PrimeIntellect-ai · S1ro1 · Jun 3, 2026 · Jun 3, 2026
diff --git a/CHANGELOG.md b/CHANGELOG.md
@@ -2,6 +2,7 @@
 
 Documenting **breaking** configuration changes — renamed, removed, or moved fields that require users to update existing configs.
 
+- **`client.dp_rank_count` removed**: With external-LB data parallelism each DP rank is its own endpoint (one `client.base_url` per rank), so the client no longer pins a rollout to an internal DP shard via the `X-data-parallel-rank` header. The `[orchestrator.student.client] dp_rank_count` field (and its per-rank client expansion) is gone — the router load-balances across the per-rank endpoints. Existing configs setting `dp_rank_count` must drop it (`extra="forbid"` rejects it); there is nothing to migrate. (2026-06-03)
 - **`inference.kv_cache_offload.cpu_bytes` removed → discriminated `type` config**: The flat `[inference.kv_cache_offload]` block with a single `cpu_bytes` field is replaced by a backend-discriminated union with composable `cpu`/`disk` tiers. Migrate native CPU offload from `[inference.kv_cache_offload]\ncpu_bytes = N` to `[inference.kv_cache_offload]\ntype = "native"` plus `[inference.kv_cache_offload.cpu]\nnum_bytes = N`. A `type = "mooncake"` backend (per-node distributed store; multi-node/SLURM only) and an optional `[inference.kv_cache_offload.disk]\npath = "..."` tier (layered behind cpu) are also available. `extra="forbid"` rejects the old `cpu_bytes` key, so existing configs must migrate. (2026-06-02)
 - **Orchestrator async-pipeline rewrite** (collection of removals/renames).

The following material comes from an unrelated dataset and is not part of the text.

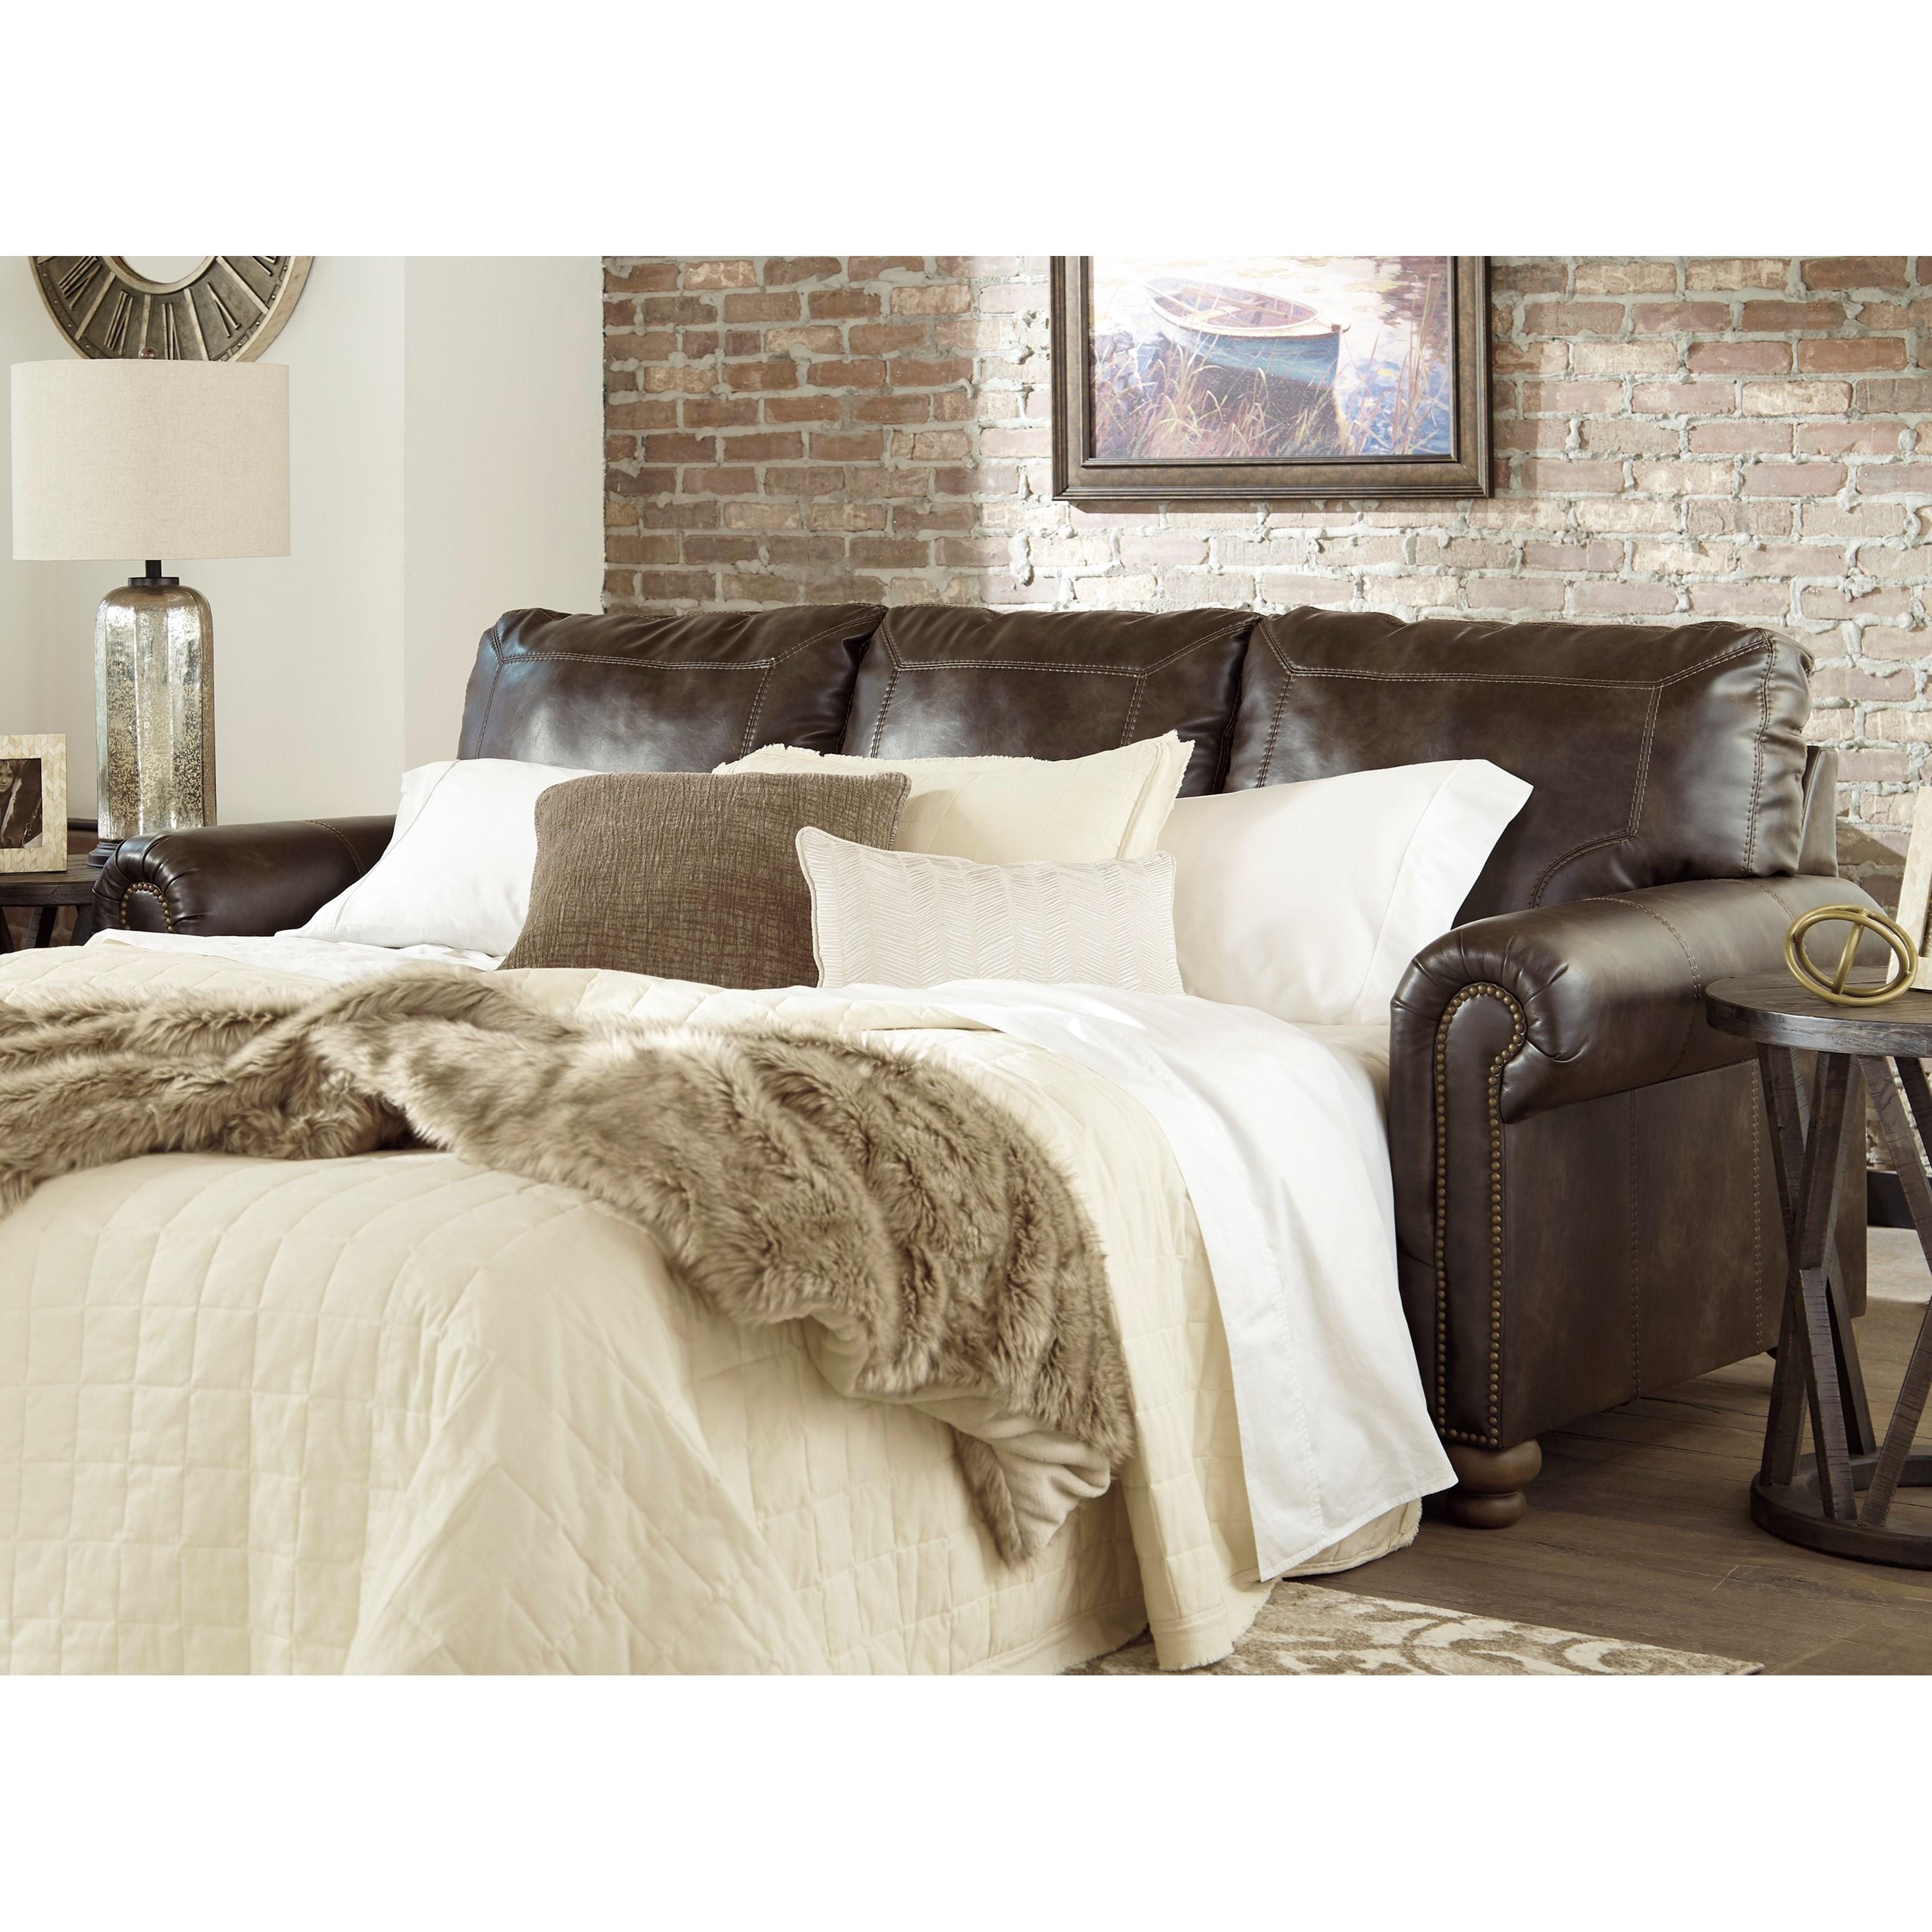 Ashley Furniture Prices Online: Ashley Signature Design Nicorvo Traditional Queen Sofa

The orchestrator was rewritten to overlap train/eval rollouts on a shared concurrency limiter; several config fields were removed or renamed.
   - **`orchestrator.seed` removed**: was only consumed by the deleted buffer; no replacement.

diff --git a/docs/inference.md b/docs/inference.md
@@ -30,7 +30,7 @@ We support 3 distinct deployment shapes:
 
 Most of the features are supported for all deployment shapes, with few exceptions. These exceptions are rejected on validation.
 
-You can select the deployment shape with `InferenceDeploymentConfig` in your config file. This is a config-field that allows you to set the deployment shape, deployment-specific knobs such as `num_nodes`, `num_replicas`, `router_port`, `backend_port`, etc.
+You can select the deployment shape with `InferenceDeploymentConfig` in your config file. This is a config-field that allows you to set the deployment shape, deployment-specific knobs such as `num_nodes`, `num_replicas`, `backend_port`, and a `[...deployment.router]` block, etc.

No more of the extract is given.